Воин (ЛП)
Гнев в его голосе заставил девушку нахмуриться:
– Бог мой, сколько же раз твои чувства ранили таким образом?
– Ни разу. Я не позволяю себе наслаждение такими эмоциями. Но я утер достаточно слез тех женщин, что сокрушались и скорбели из-за легкомысленного поведения людей, игравших с их чувствами. Это жестоко – не воспринимать людей всерьез.
Что ж, Кэт можно не беспокоиться, что этот болван попытается ее соблазнить, или что она растает перед ним. Шотландец просто невыносим.
Они продолжали идти, но Катарина больше не разговаривала: ей особо нечего было сказать человеку, настолько непохожему на нее. Мак-Аллистера явно устраивало ограниченное условностями существование, и девушка была абсолютно убеждена, что их взгляды по любому вопросу окажутся прямо противоположными. В отличие от нее, Локлану, похоже, споры на пользу не шли – скорее, он предпочитал мирное молчание, а меньше всего Кэт хотела сейчас отпугнуть горца и тем разрушить все свои надежды ускользнуть от отца.

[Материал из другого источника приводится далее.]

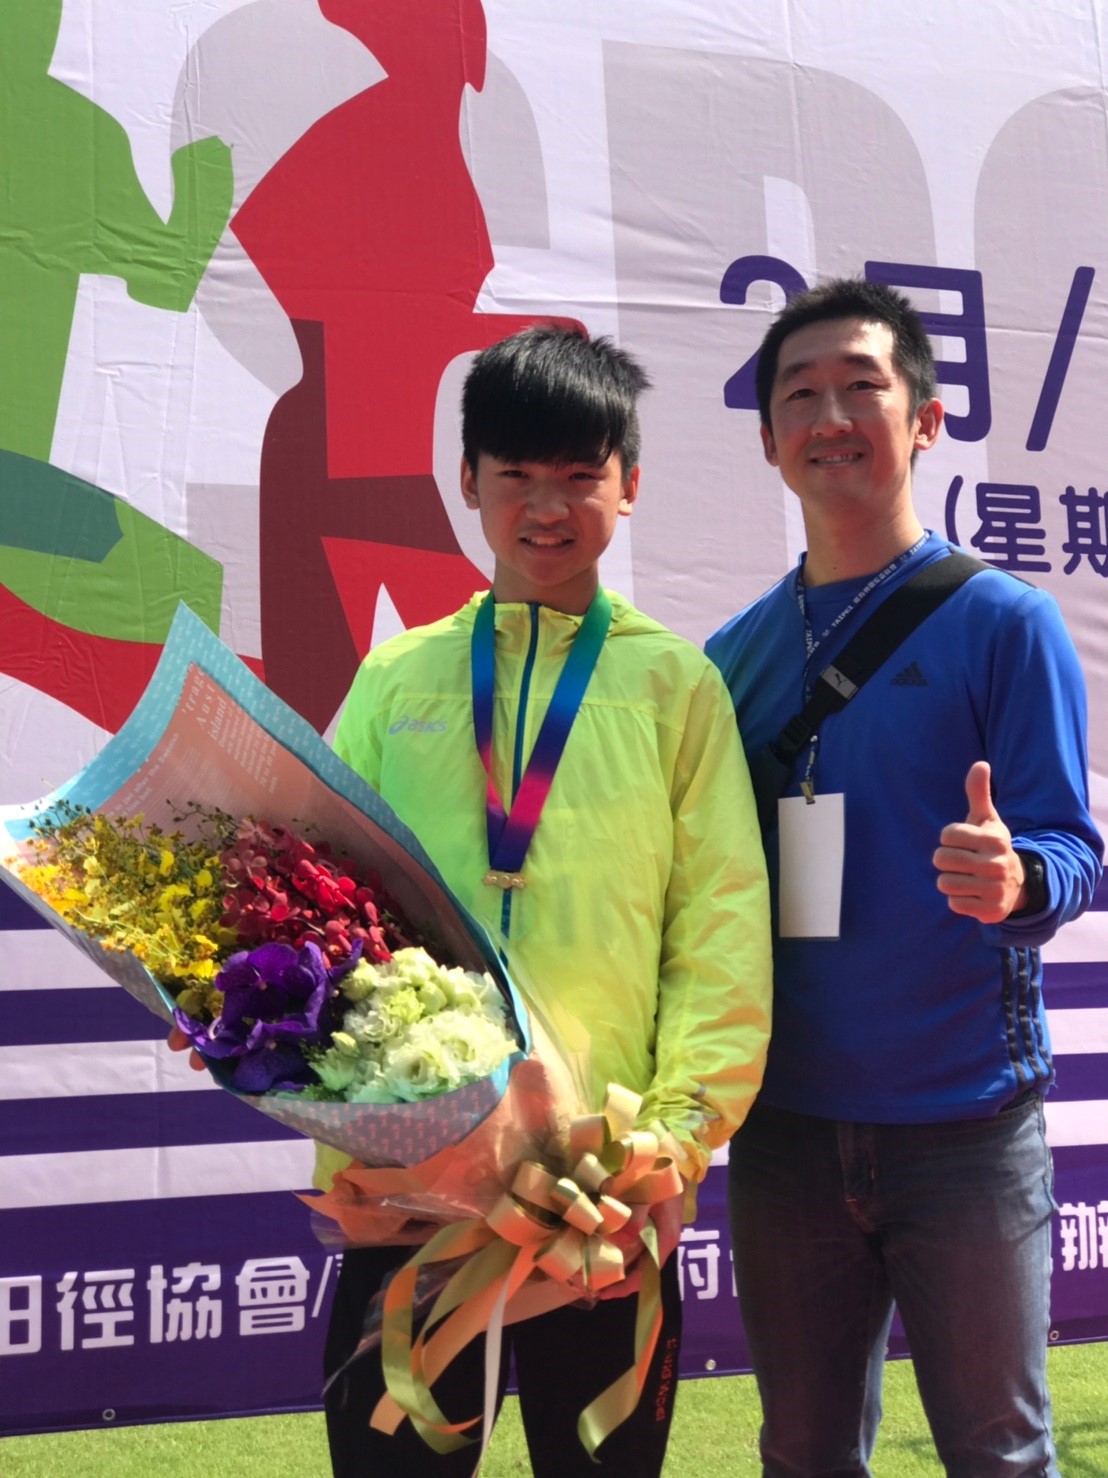 許峯毓同學以5米15成績，奪下臺北市春季全國田徑公開賽跳遠項目金牌!

Час спустя лэрд помог спутнице взобраться на коня, и они поехали верхом, стараясь не привлекать к себе внимания, пока не добрались до еще одного небольшого поселения. Был уже поздний вечер, и на улицах было довольно людно: местные жители торопились завершить свои дела до наступления ночи.
Локлан плавным движением спешился перед городской конюшней, а затем повернулся, чтобы помочь своей спутнице слезть с лошади. Несколько горожан обернулись, внимательно их разглядывая. Было очевидно, что здесь редко бывают проезжие.
Мужчина лет шестидесяти вышел из сенного сарая, почесывая затылок. У него были пушистые седые волосы и густые брови.
Горец вручил ему поводья своего коня и произнес:
– Будьте так любезны задать нашим лошадям лишнюю порцию овса.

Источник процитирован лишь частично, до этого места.